Oui, si la préparation et l’accompagnement de cette population ne se fait pas dans les règles de l’art. Malheureusement, très peu de départs ont été réellement bien négociés et accompagnés. Bien évidemment, ce genre d’opérations est inéluctable pour certaines entreprises, sauf qu’il faut savoir bien les gérer. On a bien vu, dans certains exemples, que ces opérations ont été mal orchestrées. Les discours annoncés ne collaient pas à la réalité.

Leur apport au sein de l’entreprise est aujourd’hui indéniable, comment en tirer profit pour qu’ils ne se sentent pas mis à l’écart ?
Les entreprises ont les moyens de mobiliser les personnes. A 40 ou 50 ans, les seniors ont encore quelque chose à donner. On peut toujours les responsabiliser – s’ils n’ont pas d’autres tâches – en les utilisant notamment comme des consultants internes au sein de leur entreprise, en les impliquant dans différents projets (démarche qualité, démarche commerciale, dysfonctionnements au sein de l’entreprise…). C’est aussi une occasion de rassurer les jeunes qui, à leur tour, seront amenés à vivre cette situation.
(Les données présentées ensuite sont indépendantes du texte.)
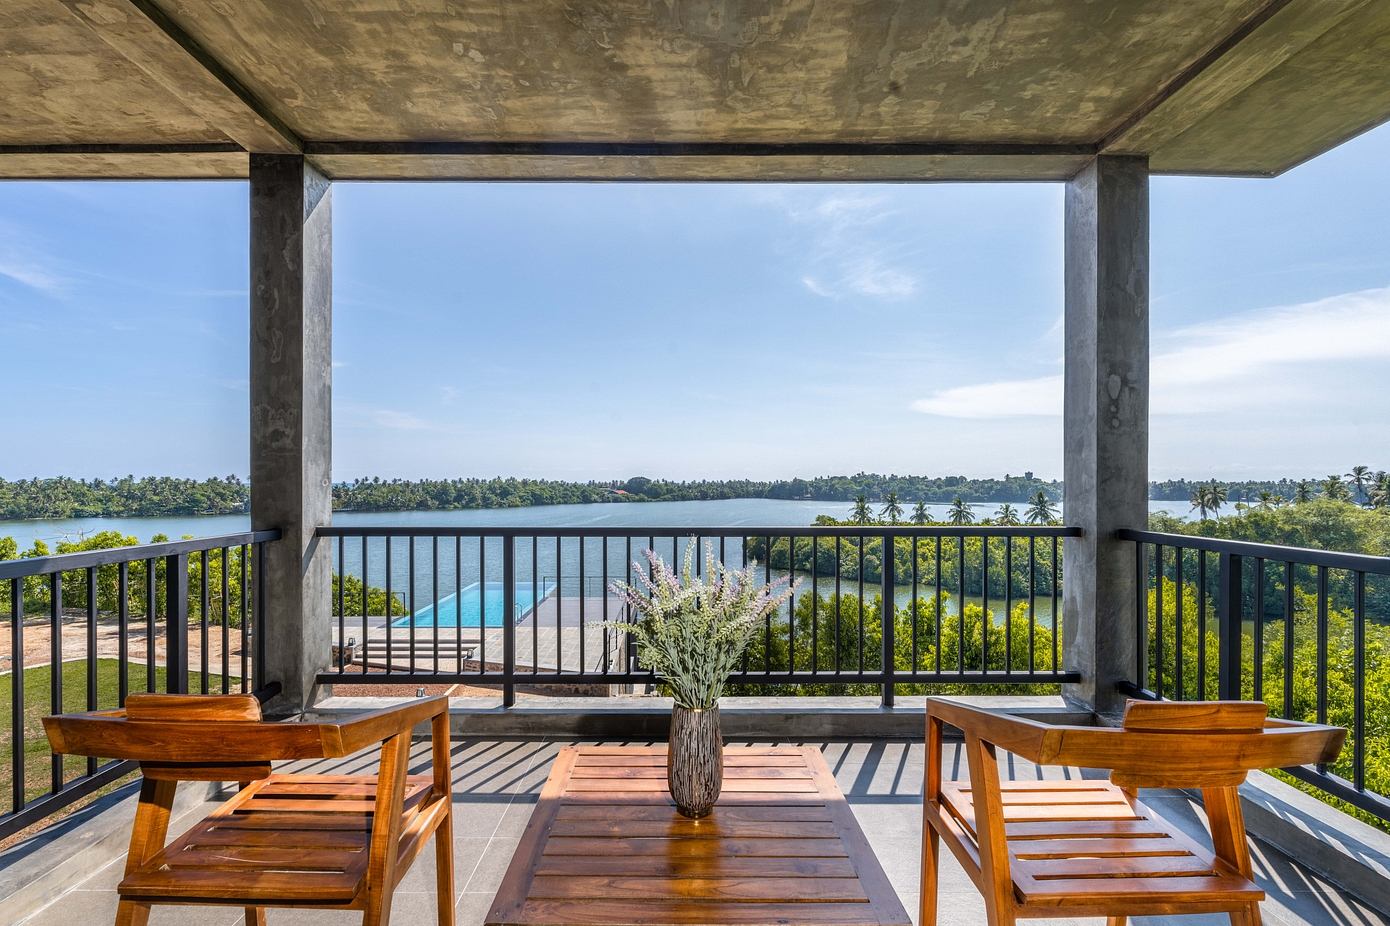 CInnamon Villa: Discover Tropical Modern Luxury in Sri Lanka

Comment, de leur côté, les seniors peuvent-ils agir pour se rendre utile ?
Il est nécessaire qu’ils communiquent sur leurs compétences et sur leur valeur ajoutée dans l’entreprise. Peu de cadres dans cette situation essayent de faire un bilan de compétence pour montrer ce qu’ils peuvent apporter à l’entreprise. Celle-ci doit également s’organiser en vue de défendre une vision plus positive du travail des seniors. «Nous avons besoin de tout le monde pour avancer» : pour faire valoir cette idée, il faut tout mettre en œuvre pour changer de style de management des ressources humaines et promouvoir des organisations apprenantes.

ahmed al motamassik
Sociologue d’entreprise
L’expérience a montré que certaines entreprises ont perdu leur savoir-faire à cause d’un rajeunissement abusif des effectifs.